New Moon Jelly Roll Freedom Rockers – Volume 1 | Album Review

New Moon Jelly Roll Freedom Rockers – Volume 1

Stony Plain Records

10 songs – 46 minutes

Once in a while, artists release albums with little fanfare that just knock your socks off. Volume 1 is just such an album, from the intriguingly named New Moon Jelly Roll Freedom Rockers. Of course, one might expect great things when one learns that that the New Moon Jelly Roll Freedom Rockers is actually a smorgasbord of leading blues and roots musicians. Too often in the past, however, roots “super groups” have disappointed their audiences by releasing recordings of flaccid jams and/or egotistical meanderings. Thankfully, there is no filler on Volume 1 – and Volume 2 is set to be released in Spring 2021 – just a marvelous collection of top-class musicians playing at the top of their game and evidentially having a lot of fun along the way.

The New Moon Jelly Roll Freedom Rockers actually originated in November 2007 when Luther and Cody Dickinson arranged a jam session at their dad’s place. Their dad, of course, being Jim Dickinson, owner of Zebra Ranch Recording Studio in Coldwater, Mississippi and a Memphis music legend for decades. In addition to the Dickinson family members, also in attendance were ex-Squirrel Nut Zippers leader, Jimbo Mathus, and blues legends Charlie Musselwhite and Alvin Youngblood Hart. Chris Chew contributed bass and Paul Taylor added tub bass. The music was recorded live over a couple of days, with each player taking it in turn to lead a song or two. Sadly, Jim Dickinson passed on in 2009 and the recording was consigned to the archives. When Stony Plain founder Holger Petersen learned of the existence of the tapes, he expressed an interest in releasing them and Luther and Kevin Houston finished production on the album.

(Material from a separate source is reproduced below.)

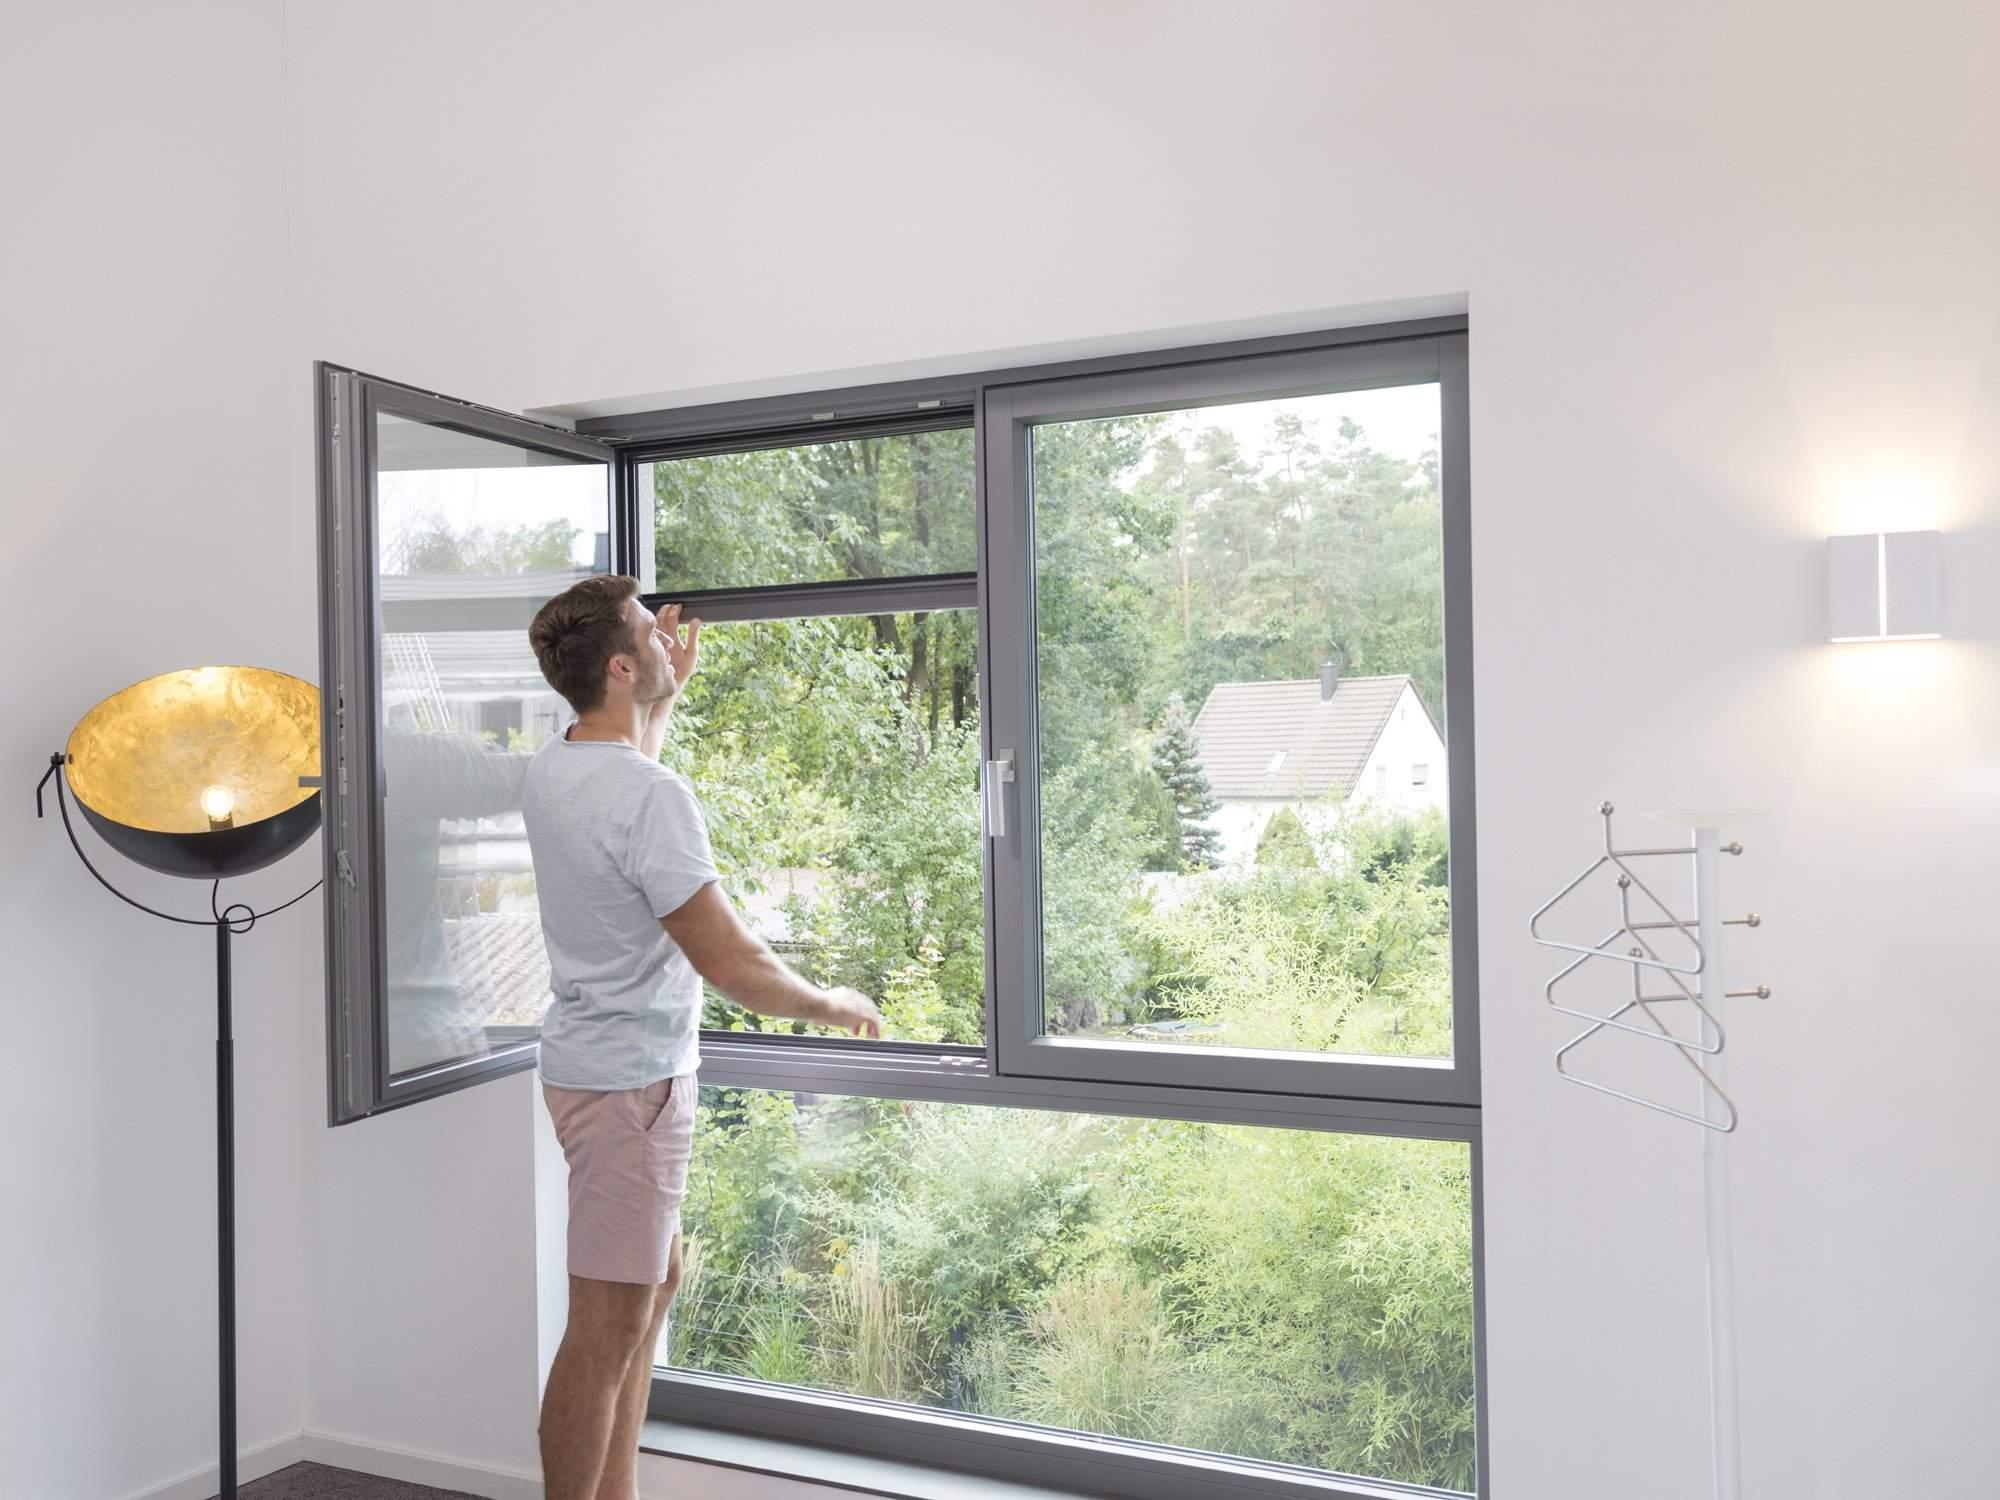 Full Size of Fenster Reinigen Dänische Konfigurator Anthrazit Dachschräge Plissee Einbauen Schüco Mit Rolladenkasten Lüftung Sicherheitsfolie Sonnenschutz Außen Fenster Insektenschutzrollo Fenster

The result is 10 tracks of glorious blues-roots-Americana, played with tangible joy and gleeful abandon. Musselwhite contributes two of his own songs (the magnificent “Strange Land” – originally released on Musselwhite’s debut album in 1967 – may be the high point of the album) as well as contributing his ageless voice to the Memphis Jug Band’s classic “K.C. Moan”. Elsewhere, the Rockers delight in re-imagining the likes of Charlie Patton (“Pony Blues”) and traditional fare such as “Shake It And Break It” and “Come On Down To My House”. Even the more well-known covers (Wilbert Harrison’s “Let’s Work Together” and Jimi Hendrix’s “Stone Free”) are given a new lease of life, sounding somehow new and different even though they actually remain relatively faithful to the originals.

Mixing electric and acoustic instrumentation with rare ease and facility, the New Moon Jelly Roll Freedom Rockers create a rambunctious and exuberant atmosphere that is impossible to resist. Hart’s laughter at the end of “Stone Free” captures the album in microcosm. The production is uniformly excellent and the result is that Volume 1 is easily one of the most impressive releases of 2020. Roll on 2021 and the release of Volume 2.